The main shape of cheilocystidia and pleurocystidia in FFAAS3401 is fusiform with tapered apices (Fig. 5A–E, K–O), but in specimen FFAAS3400, acicular to lanceolate cheilocystidia and pleurocystidia can be observed occasionally, which are larger than the fusiform ones (Fig. 5F–J, P–T).

Figure 5. 

Morphological features of the Cheilocystidia and pleurocystidia of Mycena brunneocystidiata. A–E. Cheilocystidia of FFAAS3401; F–J. Cheilocystidia of FFAAS3400, holotype; K–O. Pleurocystidia of FFAAS3401; P–T. Pleurocystidia of FFAAS3400, holotype. Scale bars: 25 μm (A–E, K–O); 30 μm (F–J, P–T). Drawings by Jingwen Guo.

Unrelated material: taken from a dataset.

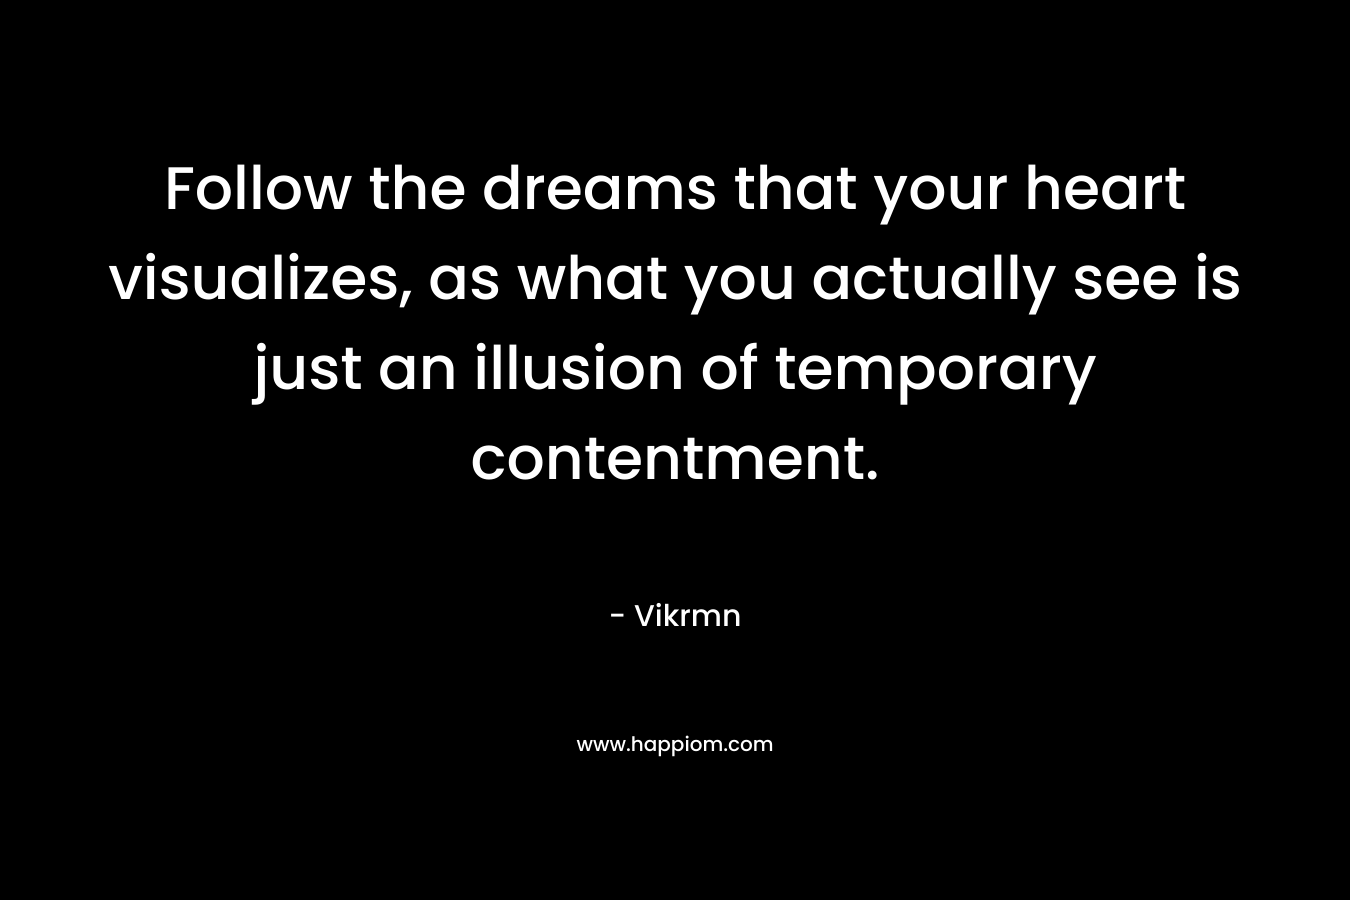 Follow the dreams that your heart visualizes, as what you actually see is just an illusion of temporary contentment. – Vikrmn

Mycena roseopurpurea J.W. Guo, Z.W. Liu, Y.P. Ge & Q. Na, sp. nov.

MycoBank No: 860104
Figs 6, 7, 8

Diagnosis.

Pileus light pinkish-purple, light brown at center, hygrophanous when old. Cheilocystidia and pleurocystidia fusiform with tapered apices, thin-walled. Differ from M. subulata by lacking pleurocystidia and having acicular to lanceolate, thick-walled cheilocystidia.

Figure 6. 

Basidiomata of Mycena roseopurpurea. A–C. Collection FFAAS3405; D–G. Collection FFAAS3404, holotype; H–J. Collection FFAAS3403; K–L. Collection FFAAS3402. Scale bars: 10 mm (A–E, G, I–J); 5 mm (F, H, K–L). Photographs (A–L) by Qin Na.

Holotype.

China • Heilongjiang Province, Yichun City, Liangshui National Nature Reserve, 47°12'74"N, 128°52'86"E, 21 August 2021, Zewei Liu, Qin Na, Shixin Wang, and Yupeng Ge leg., FFAAS3404 (collection no. MY 0660).

Figure 7. 

Microscopic features of Mycena roseopurpurea (FFAAS3404, holotype). A–E. Basidiospores; F. Basidia; G–L. Cheilocystidia; M–R. Pleurocystidia; S. Pileipellis and hypodermium; T. Lamellar trama; U. Stipitipellis and caulocystidia. Scale bars: 5 μm (A–E); 15 μm (F); 30 μm (G–U). Structures (A–E) were rehydrated in 5% KOH aqueous solution and (F–U) were stained in 1% Congo red aqueous solution.

Etymology.

Name refers to light pinkish-purple pileus.

Figure 8. 

Morphological features of Mycena roseopurpurea (FFAAS3404, holotype). A. Basidiomata; B. Basidia; C. Basidiospores; D. Cheilocystidia; E. Pleurocystidia; F. Stipitipellis and caulocystidia; G. Pileipellis and hypodermium. Scale bars: 10 mm (A); 15 μm (B); 5 μm (C); 30 μm (D–G). Drawings by Jingwen Guo.

Description.

Pileus 13–22 mm in diam., oblate hemispherical to plano-convex, with slightly depressed at center, margin wavy, occasionally cracked at mature; *Ecru-Drab (XLVI13′′′′d), Light Drab (XLVI17′′′′b) to *Drab-Gray (XLVI17′′′′d) at center, gradually towards margin to Pale Verbena Violet (XXXVI55′′f), Light Pinkish Lilac (XXXVII65′′f), Pale Grayish Vinaceous (XXXIX9′′′f), margin White (LIII); striate Pale Smoke Gray (XLVI21′′′′f), Pale Ecru-Drab (XLVI13′′′′f) to *Ecru-Drab (XLVI13′′′′d), towards the center up to 1/3 diam.; surface dry, hygrophanous when old. Context White (LIII), 1.0 mm thick, fragile. Lamellae sinuate to subdecurrent, 21–28 reaching the stipe, 1–3 tiers of lamellulae, White (LIII), irregularly intervenose, stretching downward to 1/3–3/4 of the width of lamellae, edge concolorous, wavy, serrated. Stipe 32–57 × 1–4 mm, central, cylindrical; apex Pale Drab-Gray (XLVI17′′′′f), Pale Vinaceous-Drab (XLV5′′′′d), Pale Brownish Drab (XLV9′′′′d), lower part Pale Purple-Drab (XLV1′′′′d), Light Purple-Drab (XLV1′′′′b) to *Ecru-Drab (XLVI13′′′′d), hollow, fragile; sparse White (LIII) pubescent at base. Odor and taste raphanoid.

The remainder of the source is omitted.